Programmatic API key management. Requires a master (admin-scoped) qlaud key
on the x-api-key header.
POST /v1/keys — Mint
curl https://api.qlaud.ai/v1/keys \
-H "x-api-key: $QLAUD_MASTER_KEY" \
-H "content-type: application/json" \
-d '{
"name": "user_42",
"scope": "standard",
"max_spend_usd": 5
}'
Body
| Field | Type | Required | Default | Description |
|---|
name | string | yes | — | Display label. Surfaced in /v1/usage as key_name. |
scope | "standard" | "admin" | no | "standard" | admin keys can call /v1/keys/* and /v1/usage. |
max_spend_usd | number | no | null (unlimited) | Lifetime cap in USD. Enforced gateway-side. |
Response (201)
{
"id": "0e2c3a91-7f10-4d83-9b22-6c41a8ee83d9",
"name": "user_42",
"secret": "qlk_live_a1b2c3...wxyz",
"prefix": "qlk_live_a1b2…wxyz",
"scope": "standard",
"max_spend_usd": 5
}
secret is returned once. We store only its SHA-256 hash.
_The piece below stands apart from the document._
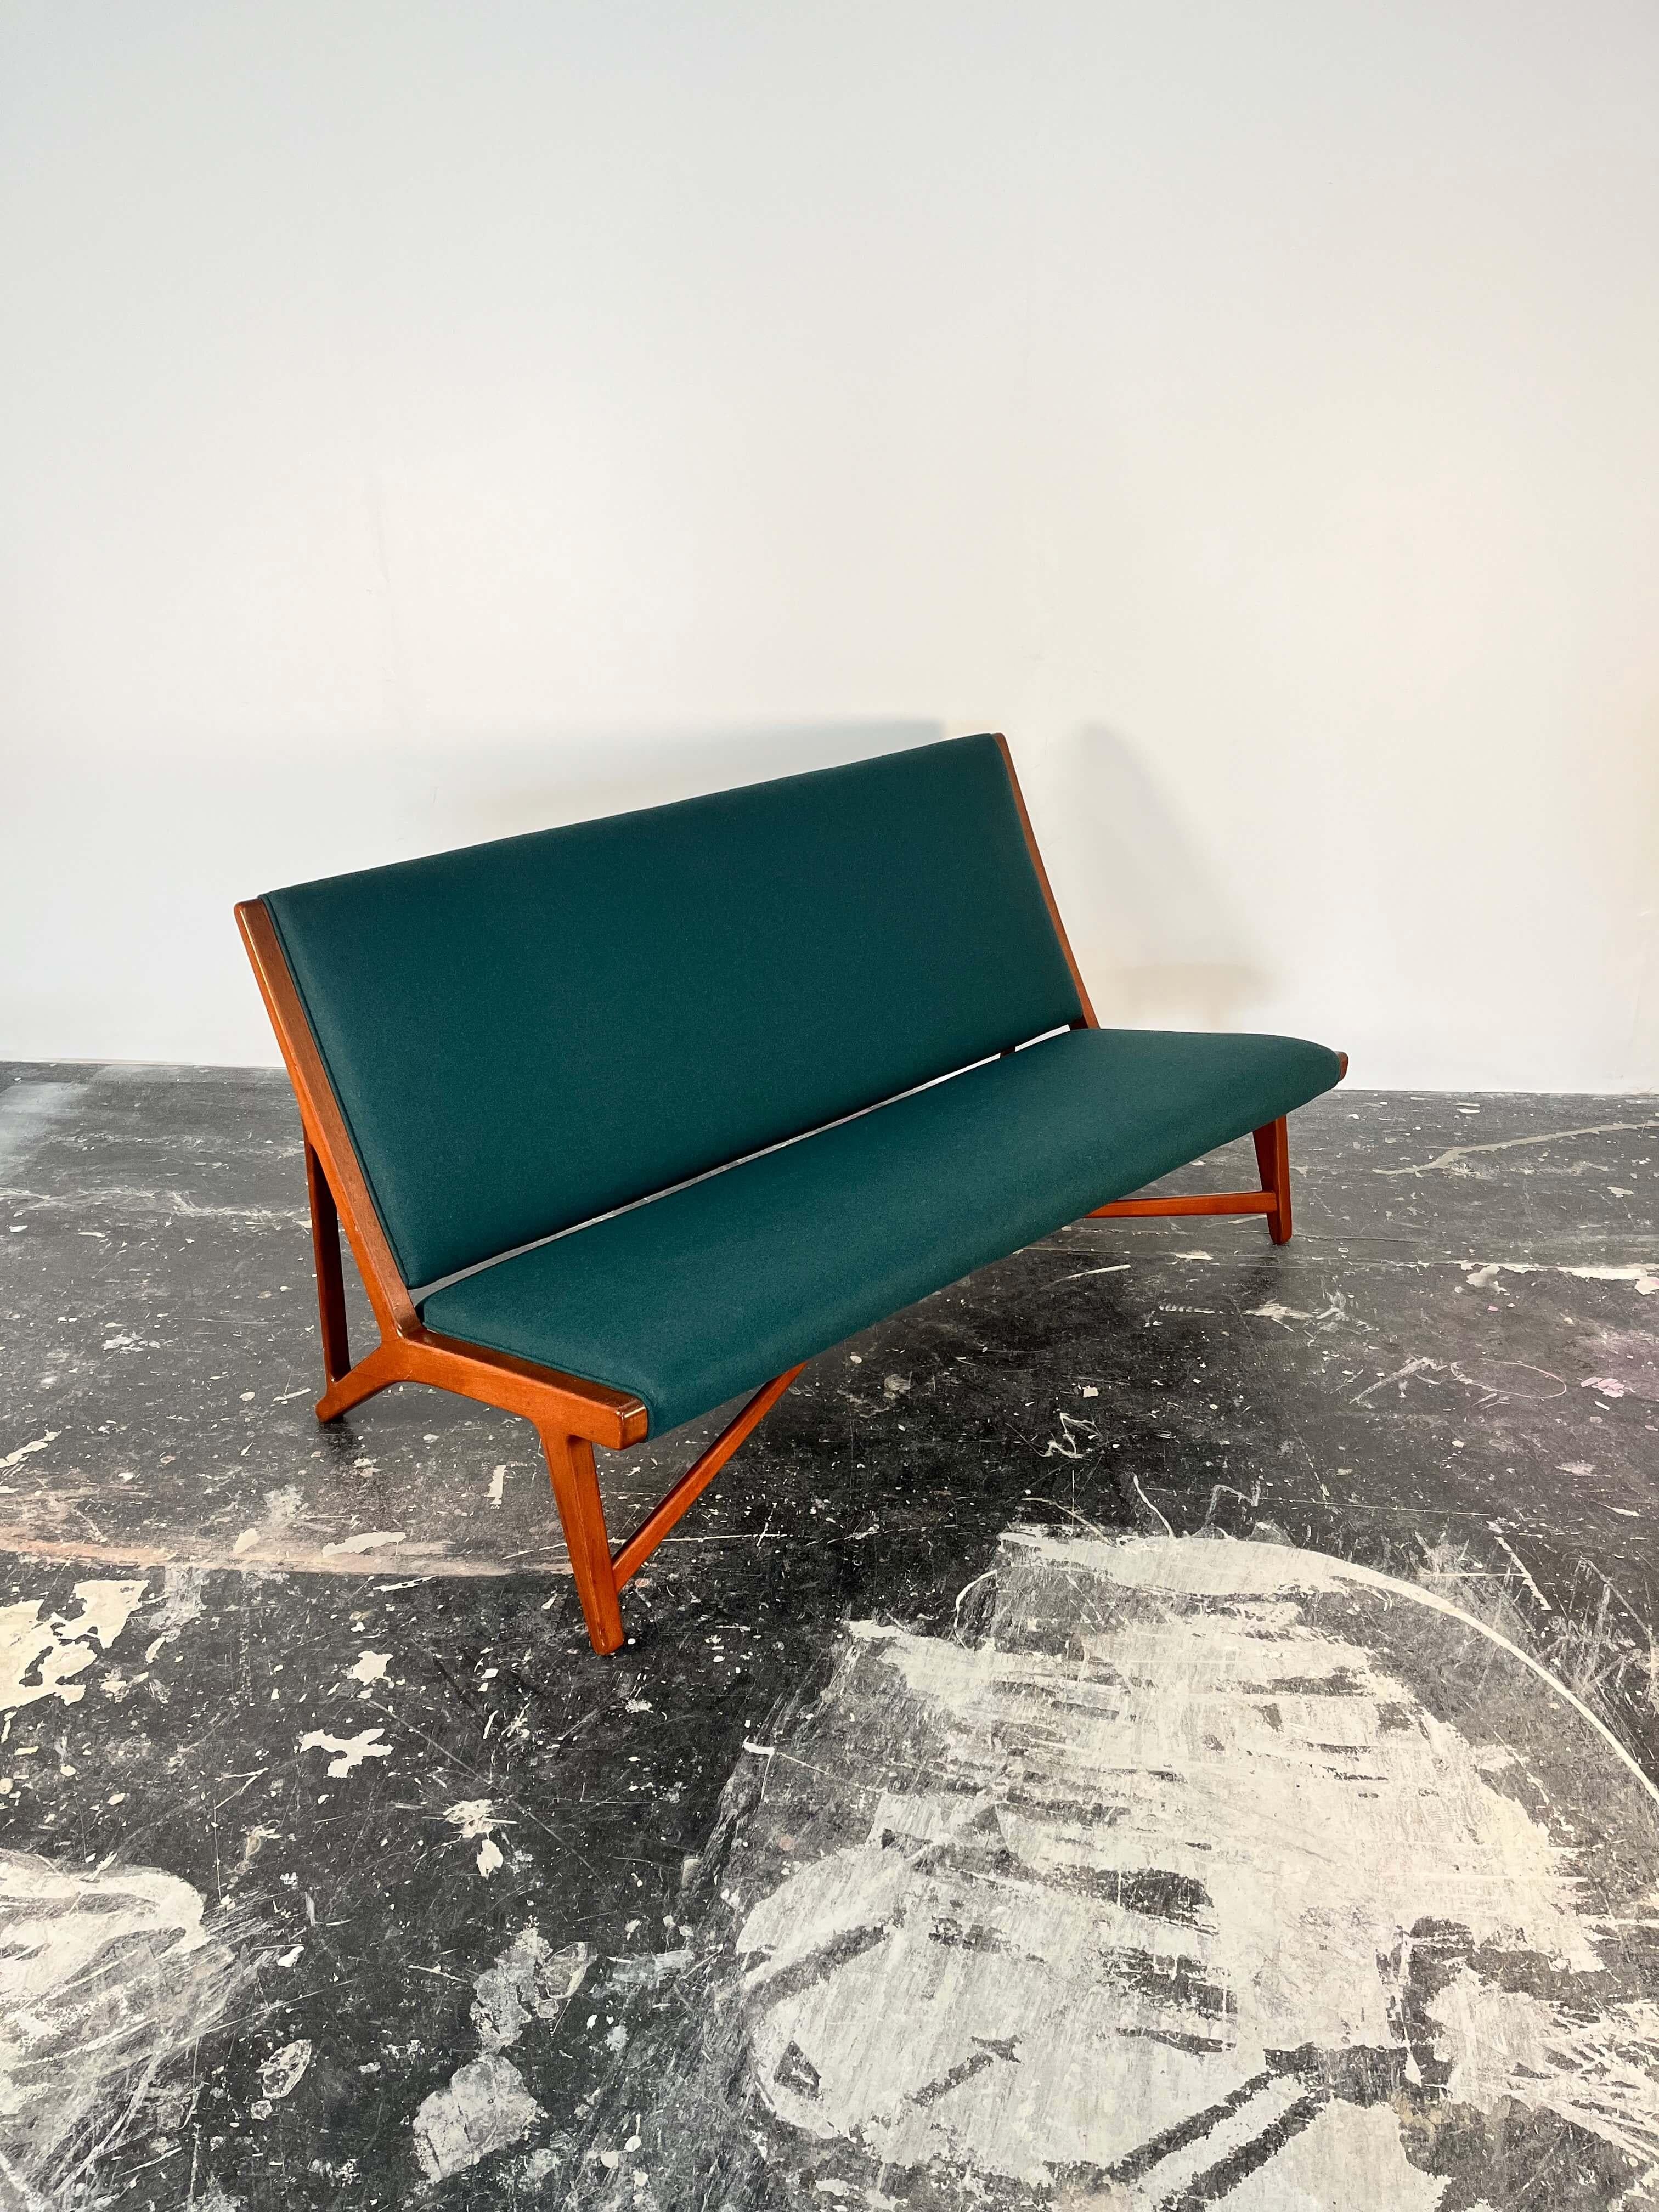 Wir freuen uns, Ihnen diese wunderschöne, seltene Hans J. Wegner Couch für Johannes Hansen, Modell JH 555, mit schräg gepolstertem Sitz und Rückenlehne, auf einem Teakholzsockel, in neuer, sattgrüner Wolle zu präsentieren. Herstellerstempel mit

If you lose
it, revoke + remint.
GET /v1/keys — List
curl https://api.qlaud.ai/v1/keys -H "x-api-key: $QLAUD_MASTER_KEY"
Response
{
"keys": [
{
"id": "0e2c3a91-...",
"name": "user_42",
"prefix": "qlk_live_a1b2…wxyz",
"scope": "standard",
"max_spend_usd": 5,
"created_at": 1746124800000,
"last_used_at": 1746518400000,
"revoked": false
},
...
]
}
DELETE /v1/keys/:keyId — Revoke
curl -X DELETE https://api.qlaud.ai/v1/keys/<key_id> \
-H "x-api-key: $QLAUD_MASTER_KEY"
Response (200)
Revocation is immediate — KV cache entry is deleted on revoke, so the
key stops working on the next request.